I think that’s the name of it. It’s this crazy Chinese buffet in Murfreesboro where you can get great Chinese food and pizza and fried shrimp and hardpacked ice cream and it’s all delicious and it’s only like six bucks for lunch.
I tried to discern if Rex L. Camino or Kleinheider were dining with us, but, since we were in the non-smoking section, it was just us and the kids. So, unless Mr.s Camino and Kleinheider are secretly babies, we did not see them.
The Butcher drove my down to my thing and I felt bad because when we got there, it was obvious that there was no need for us to be there. So, we hung out for a little bit and the Butcher and I cracked each other up and once we’d made sure a couple of people had seen us and could attest that we did indeed actually make it there, we left.

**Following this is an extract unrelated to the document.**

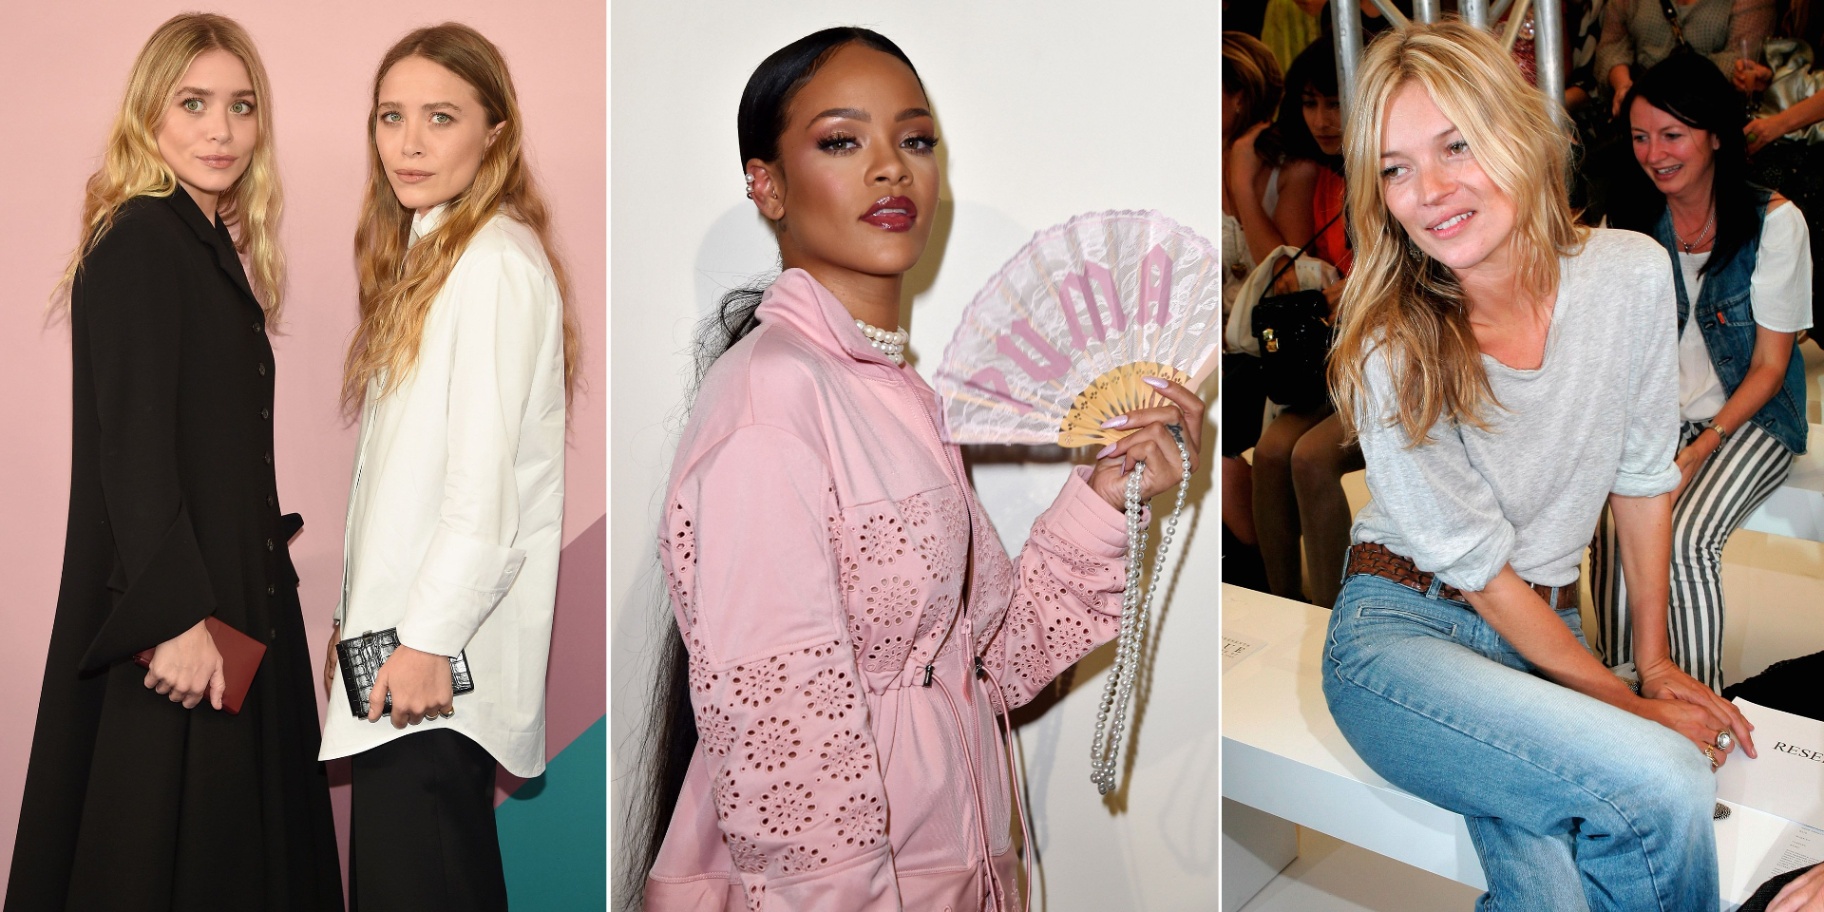 Here's Some of the Best Celebrity-Owned Clothing Lines to Buy From

I’m still taking Monday off, though.
Then the Professor and I went to buy something for me to wear at The Vagina Monologues. I’ll be wearing all black–I bought this awesome shirt with all these tiny buttons up the front–and then we spent a good hour in Dillard’s picking out these fabulous orange necklaces to layer up and wear. The Professor thinks I’ll look very witchy.
I hope so.
It’s funny. Sometimes you stand in front of mirrors in dressing rooms and you think, “My god, that is one hideous thing to look at.” Today, I was like, “Yeah, I guess I’m cute, in a Hummel-type of way.” I mentioned it to the Professor, but I don’t think she knows what Hummels are.